Hammad Akbar, a Pakistani native and the CEO of the company that makes StealthGenie, is accused "selling a mobile spyware application that illegally intercepts wire and electronic communications made using smart phones," according to the federal complaint.

Marketed to people who suspect their significant other is cheating, StealthGenie boasted that it is "100% undetectable" once uploaded to a person's phone, and immediately starts allowing the user to monitor the communications from that phone via an online server, the complaint states. But according to Southworth and others, these apps make illegal activities - like stalking - dangerously easy.

"We try to minimize the victim's exposure to the stalker, and technology like this thwarts it," says Michele Archer, a director at the victim's advocacy group Safe Horizon. "You can be a living room stalker. It's a lot less effort."

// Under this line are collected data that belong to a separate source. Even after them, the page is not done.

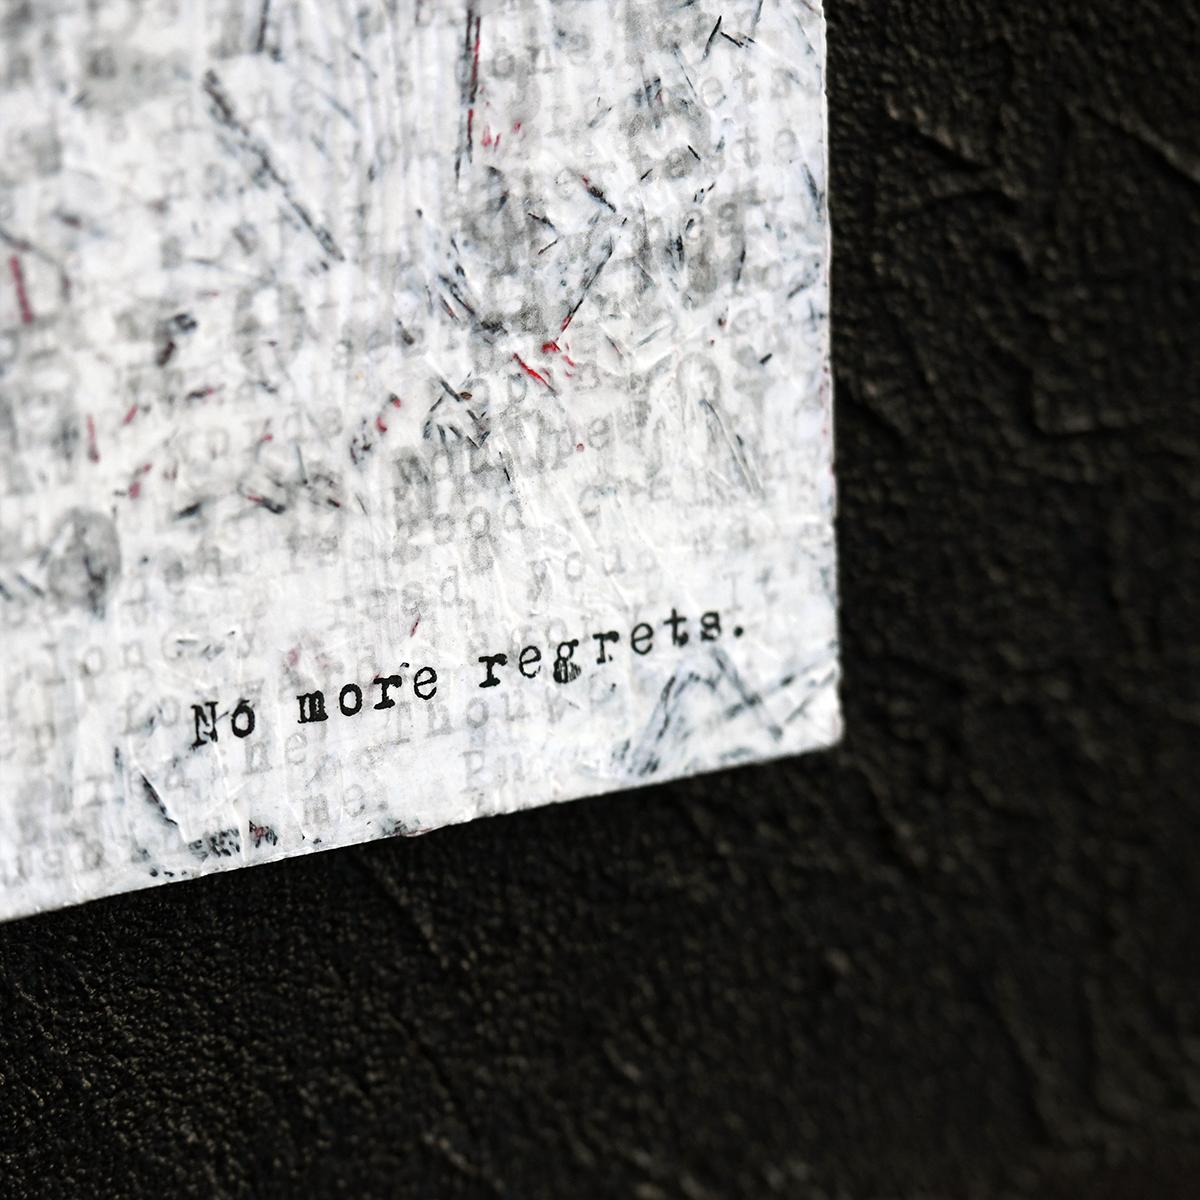 NO MORE REGRETS #003 - PART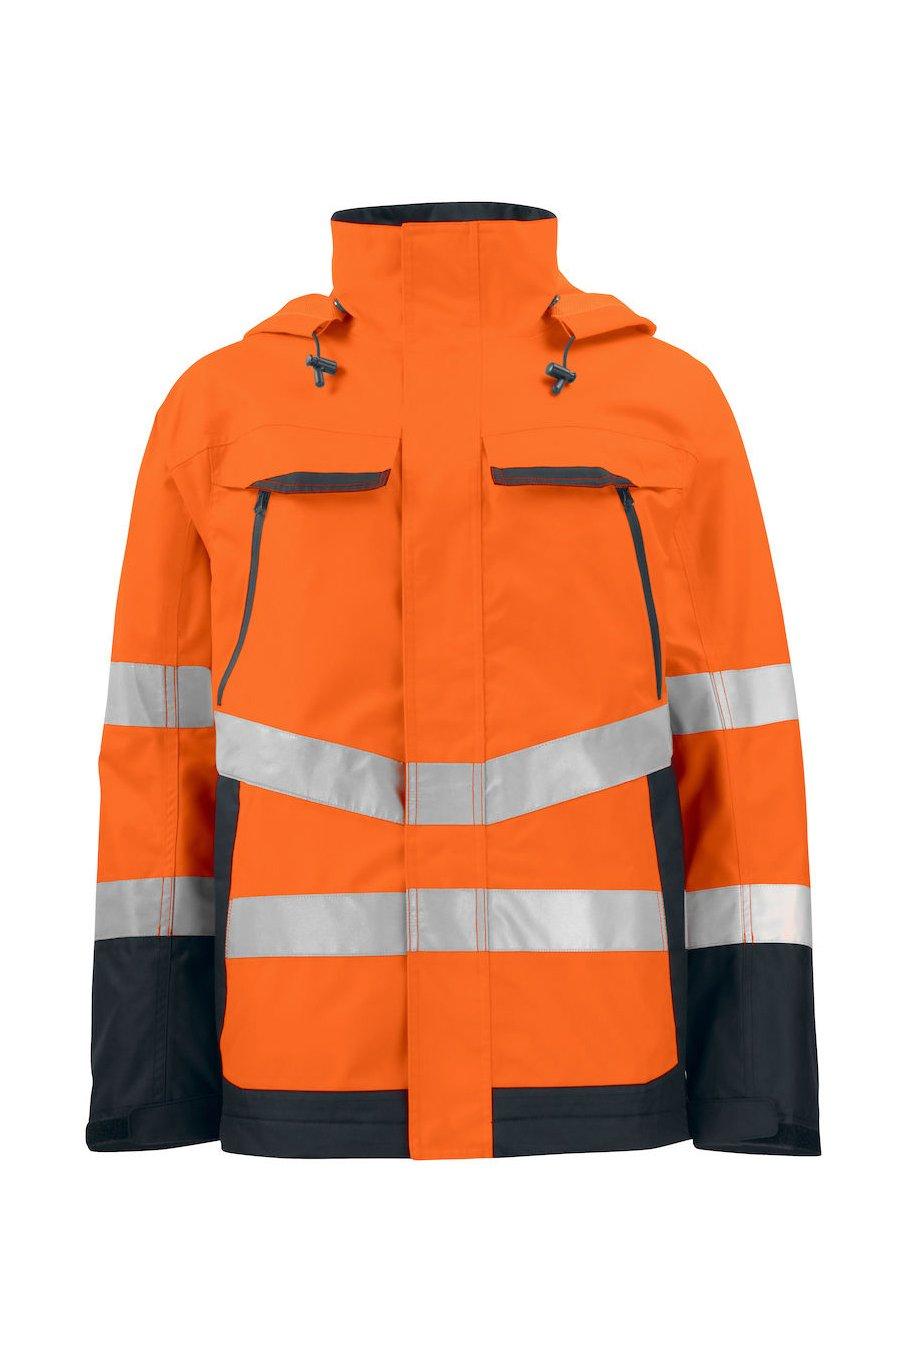 Wind- und wasserdichte Warnschutz-Jacke EN ISO 20471 Klasse 3, ISO 343, gelb/marineblau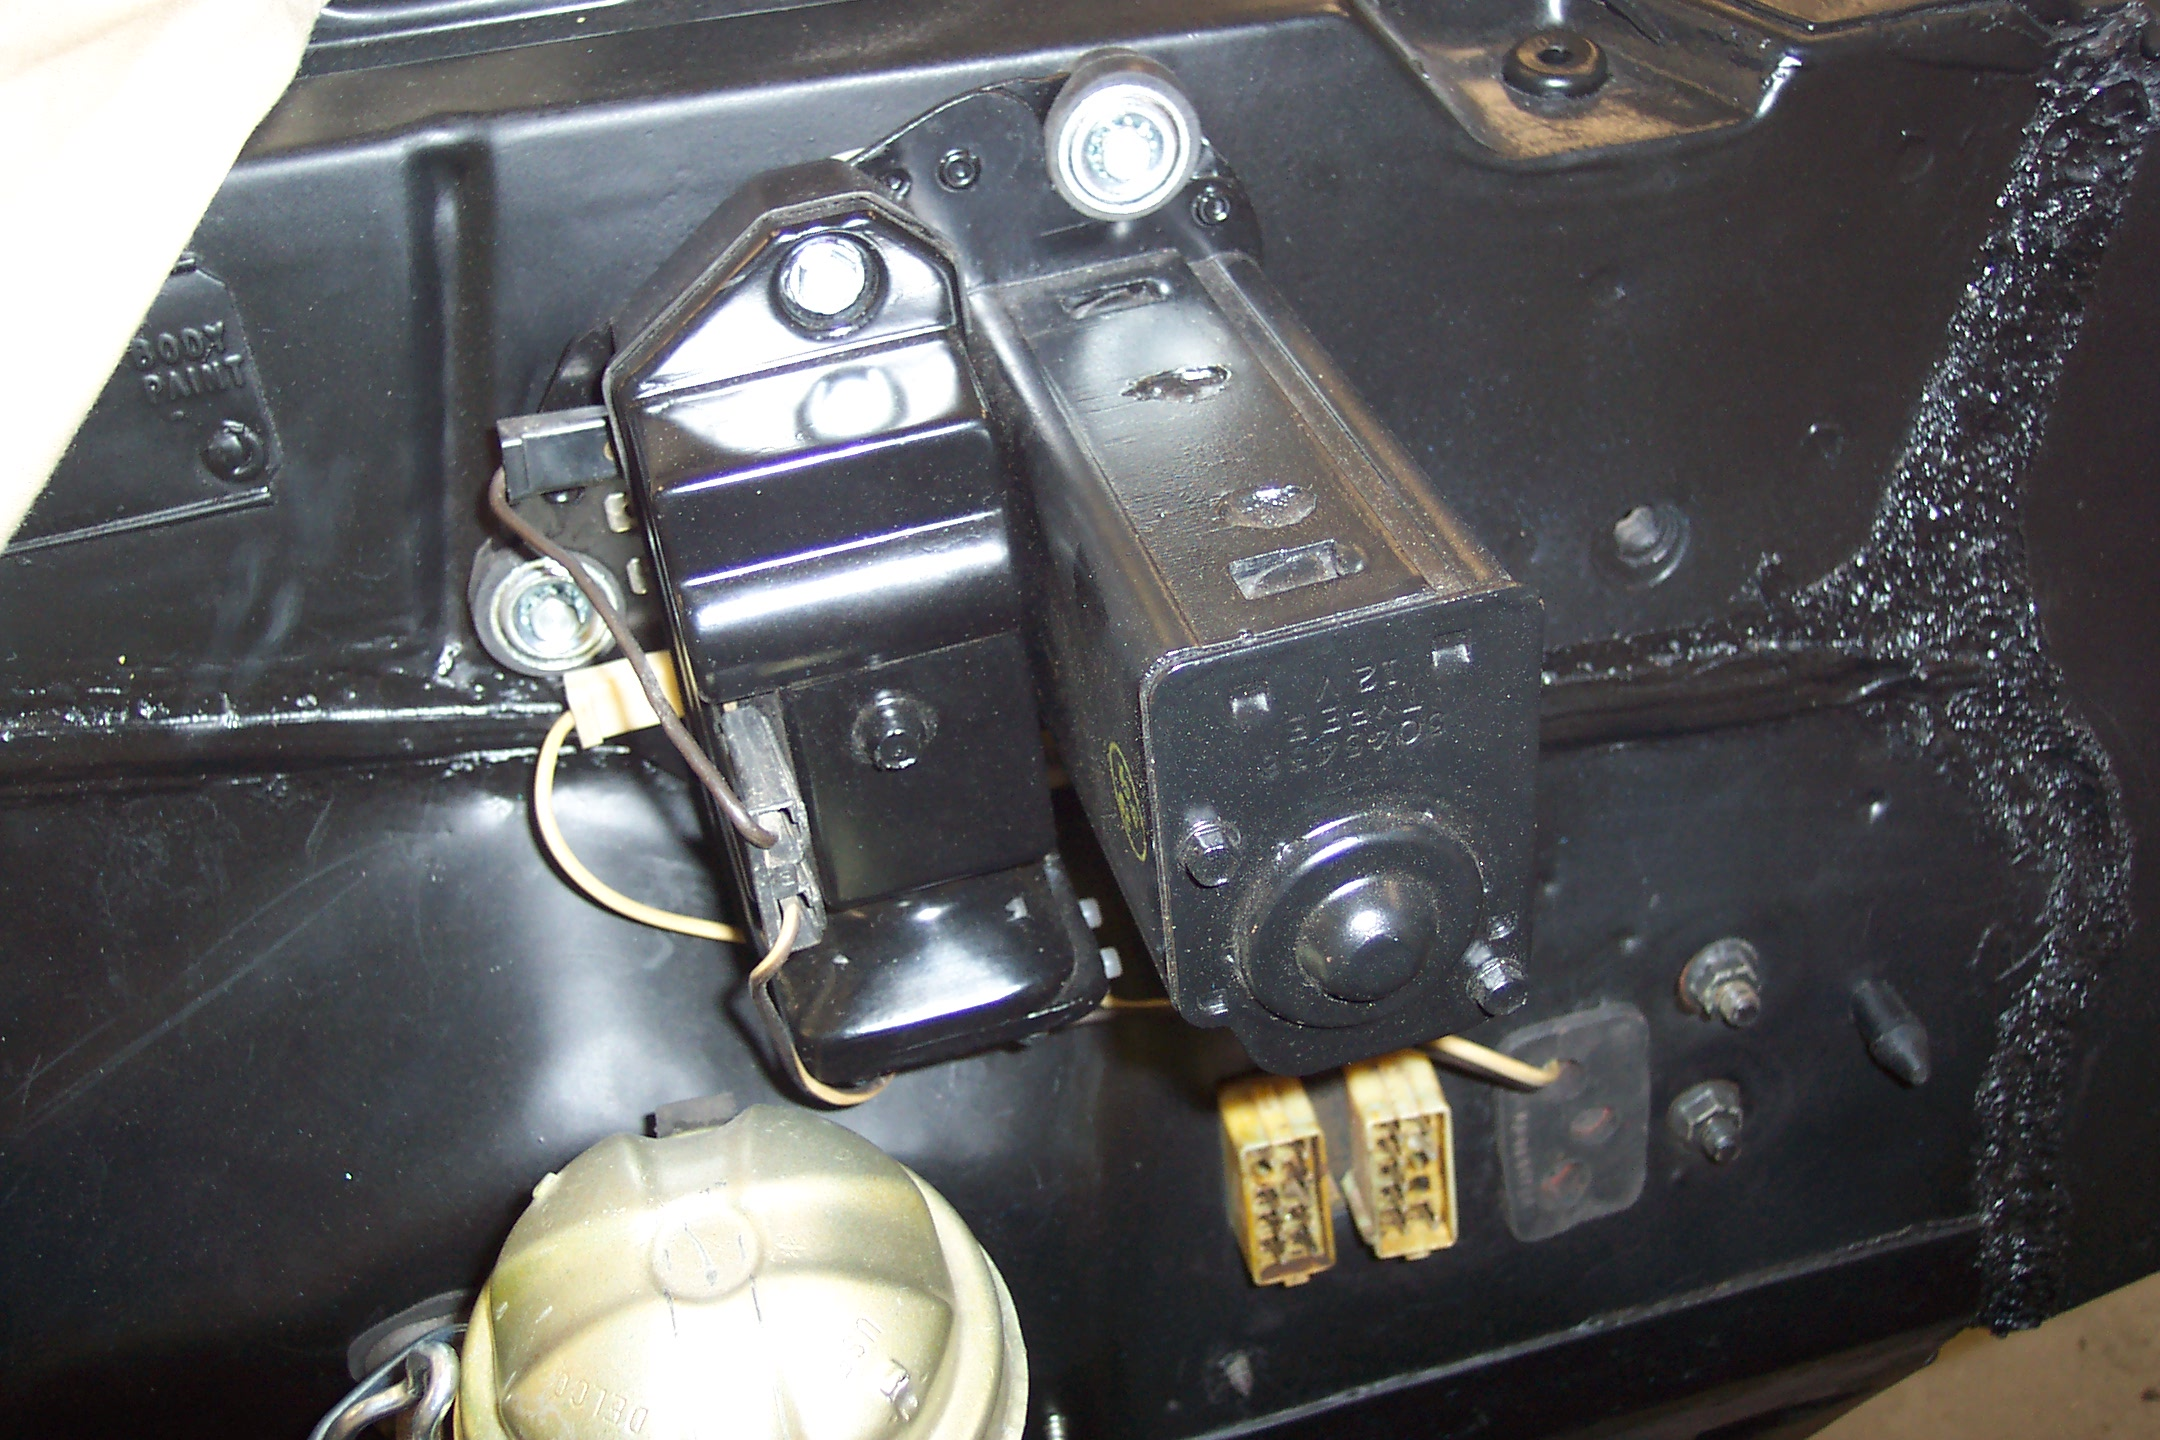 64 wiper switch wiring   Pontiac GTO ForumPontiac GTO Forum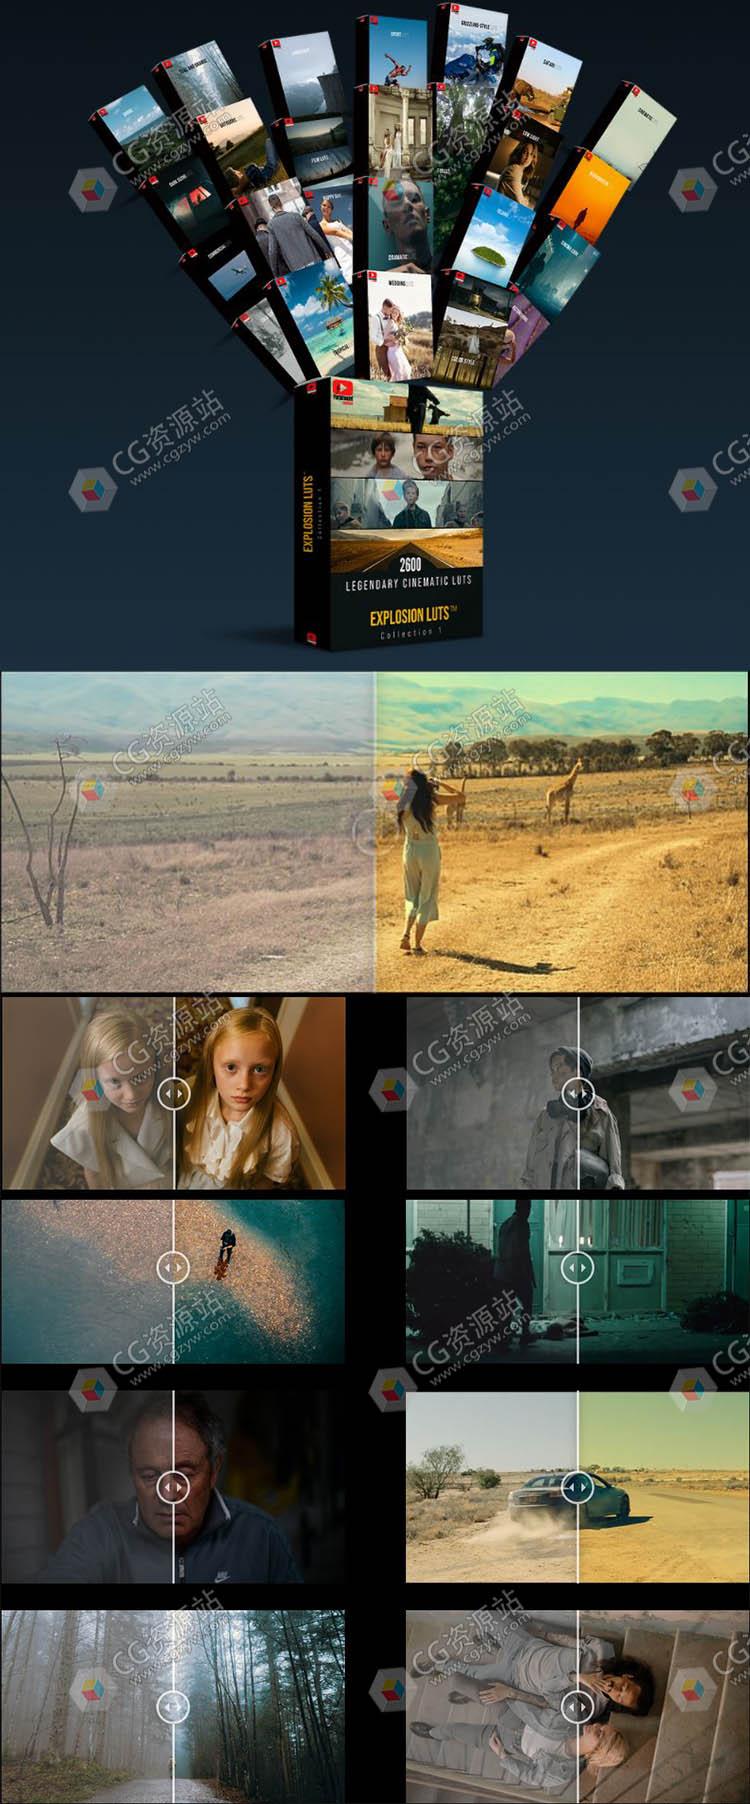 3100个电影级LUTs视频调色预设合集1&2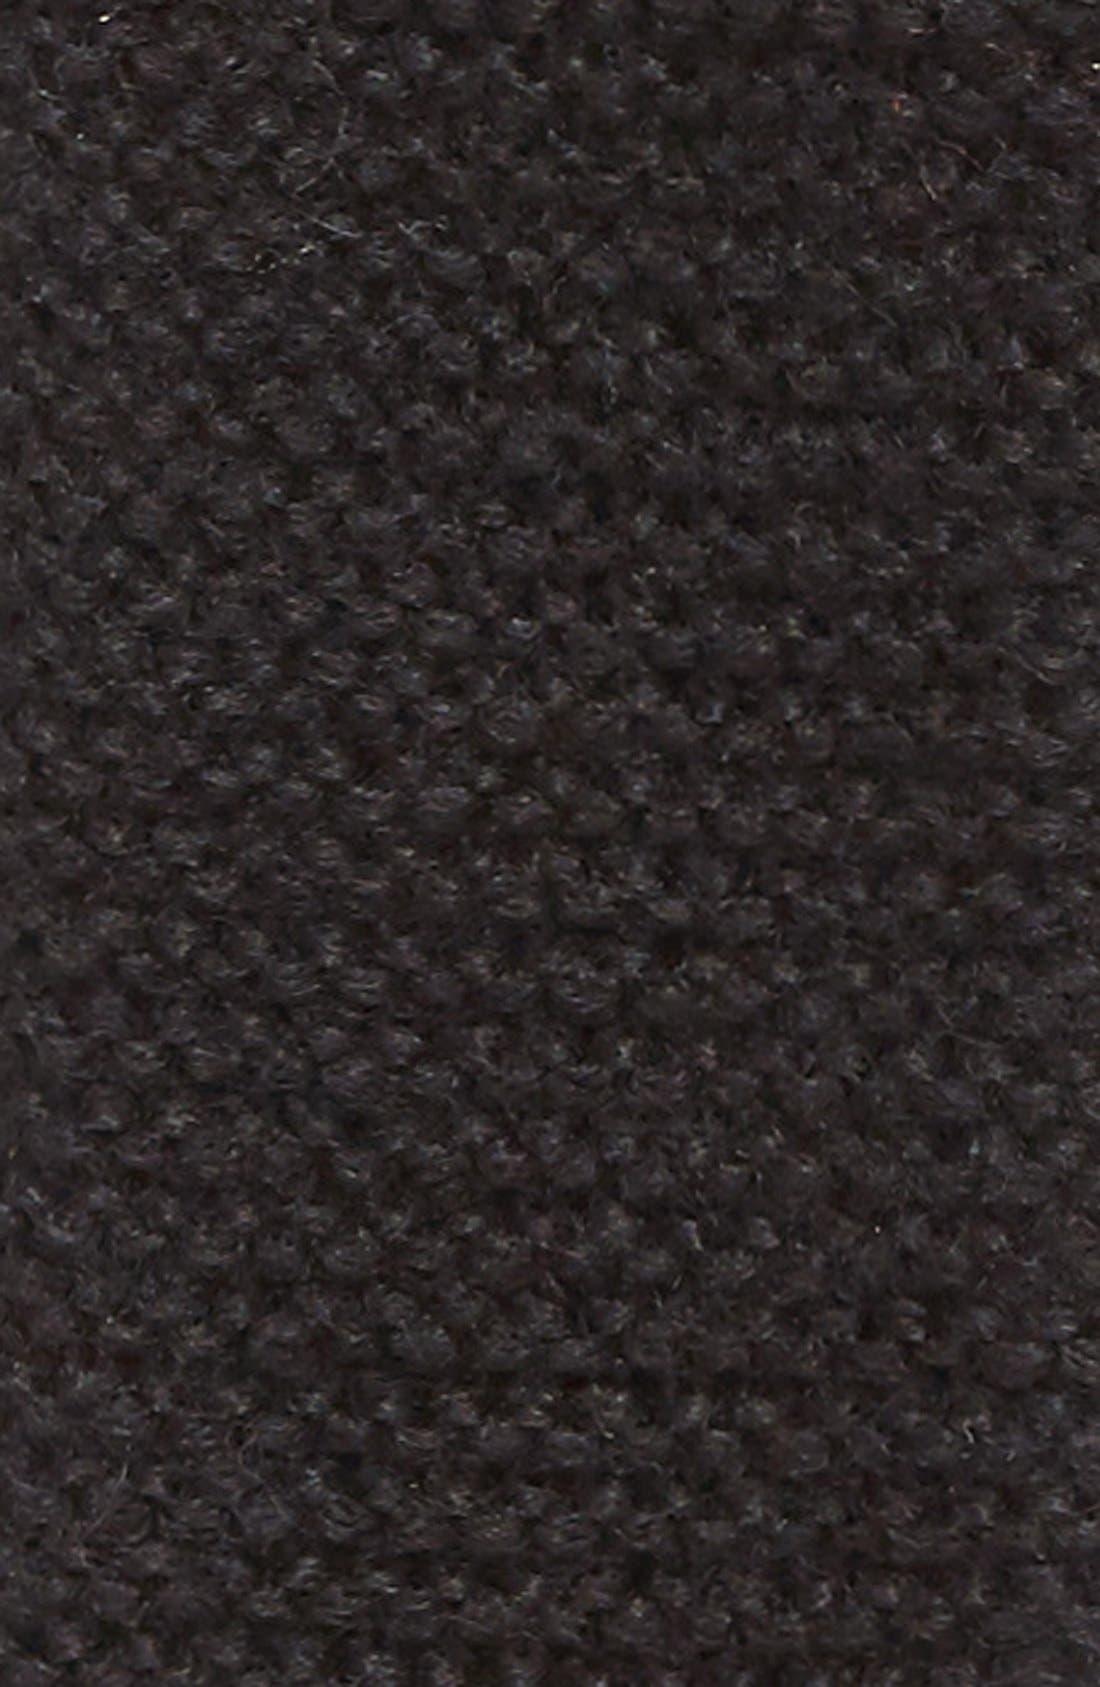 Garter Stitch Fingerless Gloves,                             Alternate thumbnail 10, color,

Archer says Safe Horizon is seeing more and more women who say their abuser or stalker seems to know where they are all the time, and worry they may be reading their emails or tracking them via the GPS locator on their mobile phone or a vehicle security system like OnStar. This can pose a particular problem for victims who share a mobile plan with their abuser.

Sen. Al Franken (D-Minn.) has been pressuring federal agencies to investigate the makers of these spyware apps since 2011. In June 2014, Congress held a hearing on his bill seeking to outlaw apps that allow a user to monitor a person's location via GPS tracking and read their text messages or listen to their voicemails.

"My bill would shut down these apps once and for all," Franken told the Senate's Judiciary Subcommittee on Privacy, Technology and the Law.

According to a National Network to End Domestic Violence survey, 72 percent of programs serving domestic violence and stalking victims in the U.S said their clients had reported being tracked using GPS devices. And both Archer and Southworth say that telling victims to just turn off their phones may cause as many problems as it solves: the lack of a mobile phone makes it difficult to call for help, or locate nearby services if you are in danger.

"Domestic violence is about keeping the victim under your thumb," says Southworth. And what better way to keep someone under your thumb than to install a difficult-to-detect application on their phone that will tell you where they are at all times.

"Imagine the trauma of surviving domestic and sexual violence," testified Anoka County Minnesota Detective Brian Hill at June's Senate subcommittee hearing.

"Now add cyberstalking to that trauma. Stealth stalking apps endanger domestic violence victims' safety, financial stability, and social well-being."

After Akbar's arrest on Sept. 30, Sen. Franken issued a statement urging fellow lawmakers to act on his bill, called the Location Privacy Act of 2014.

"Currently there is no federal legislation banning the secret collection of location data," he said. "My bill would finally put an end to GPS stalking apps that allow abusers to secretly track their victims."

While surreptitious location tracking remains legal, Safe Horizon's Archer, herself a survivor of stalking, says she advises victims who suspect they're being tracked or spied on to turn their phones completely off when they are visiting places they wouldn't want their abuser to know about - a battered women's shelter, for example, or an attorney's office.

Archer also emphasizes the importance of keeping a record of the abuser's behavior, including saving messages and logging dates and times when he or she showed up at a place you didn't tell anyone you were going to visit.

"If you can show a pattern of behavior that would give a reasonable person fear," says Archer, police can take action.